The timing problem. A painting job ends with clean-up — furniture back in place, drop sheets packed, final touch-ups done. You are tired, the customer is distracted getting their home back in order, and the natural window for a review conversation does not really exist. By the time you are in the van, the moment has passed.
The friction problem. Even when a painter does ask — "Hey, leave us a review if you get a chance" — most customers intend to do it and then forget. Without a direct link to the review form, finding your business on Google and navigating to the review page is enough friction to stop most people even when they genuinely want to help.

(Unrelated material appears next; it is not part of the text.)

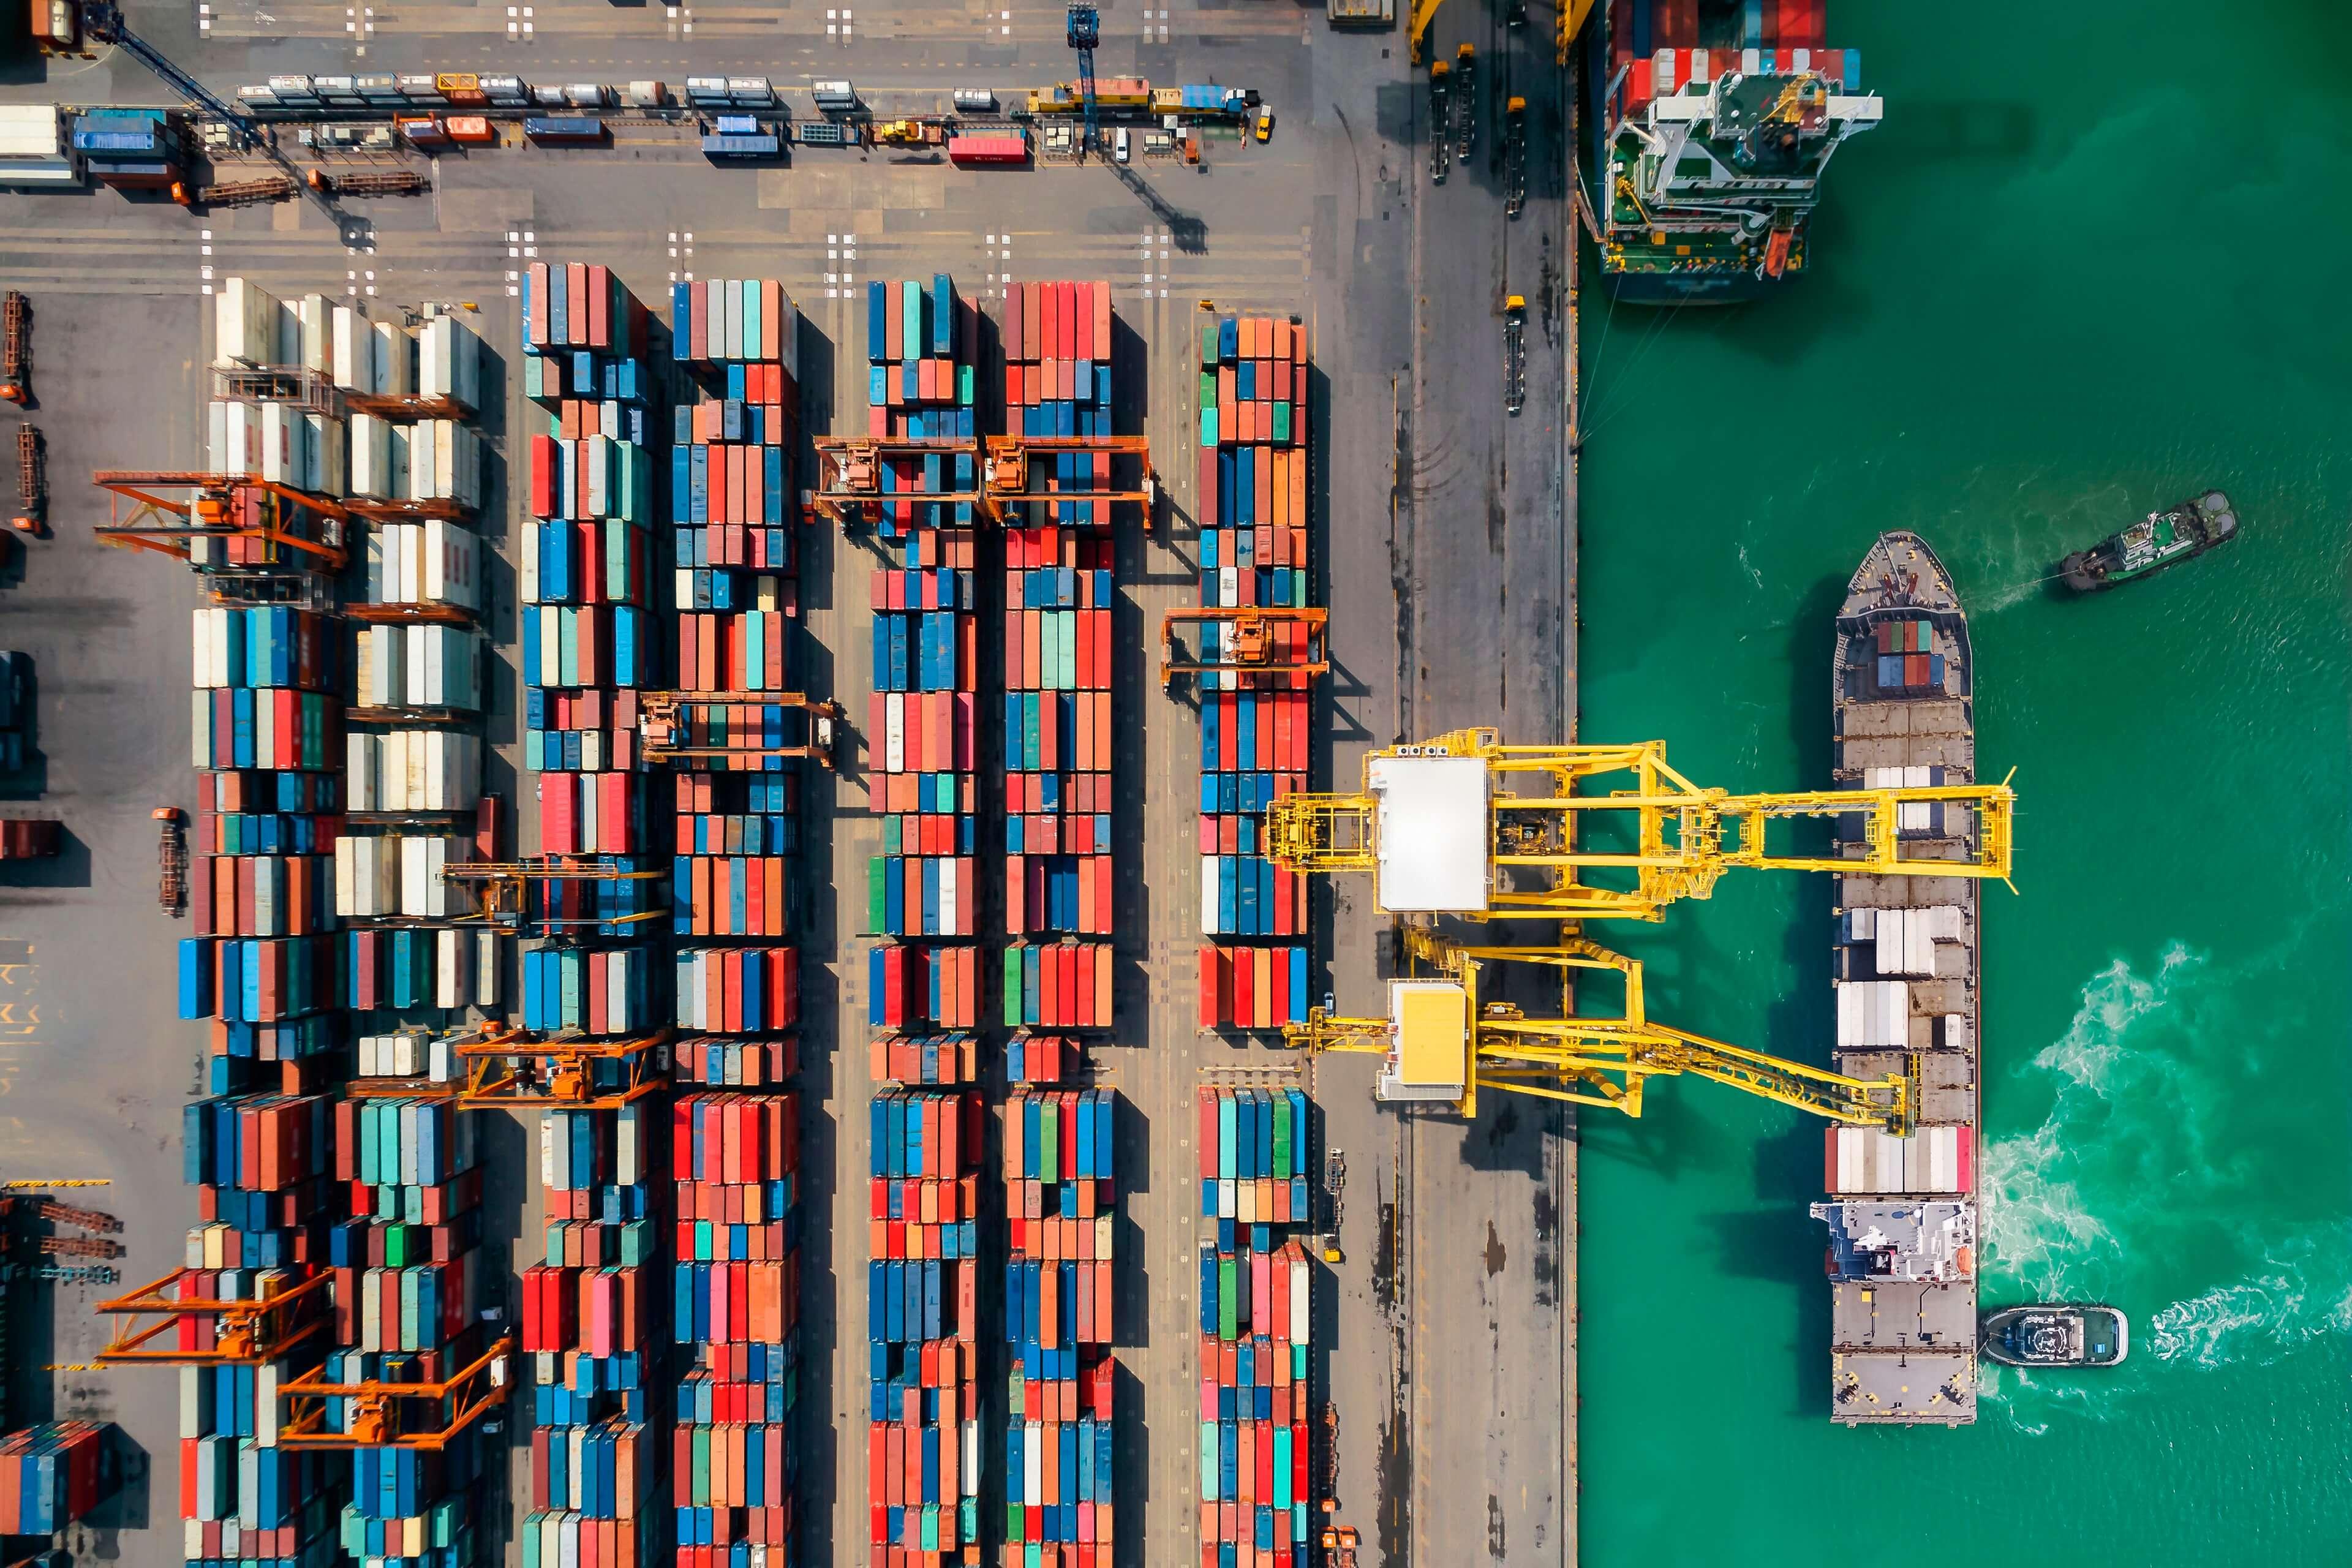 Shipping yard image

The volume problem. A busy painter finishes multiple jobs a week. Manually following up every single client to request a review is a separate task on top of quoting, invoicing, scheduling, and the actual painting work. It gets pushed to the end of the to-do list, which means it usually does not get done.
Automation removes all three problems at once.
What an Automated Review System Looks Like for Painters
Here is the exact process that works for painting businesses:
Step 1: The job is completed and marked as done in your CRM.
Step 2: An automated SMS fires to the client within one to two hours of job completion. It is short, warm, and contains a direct link to your Google review form.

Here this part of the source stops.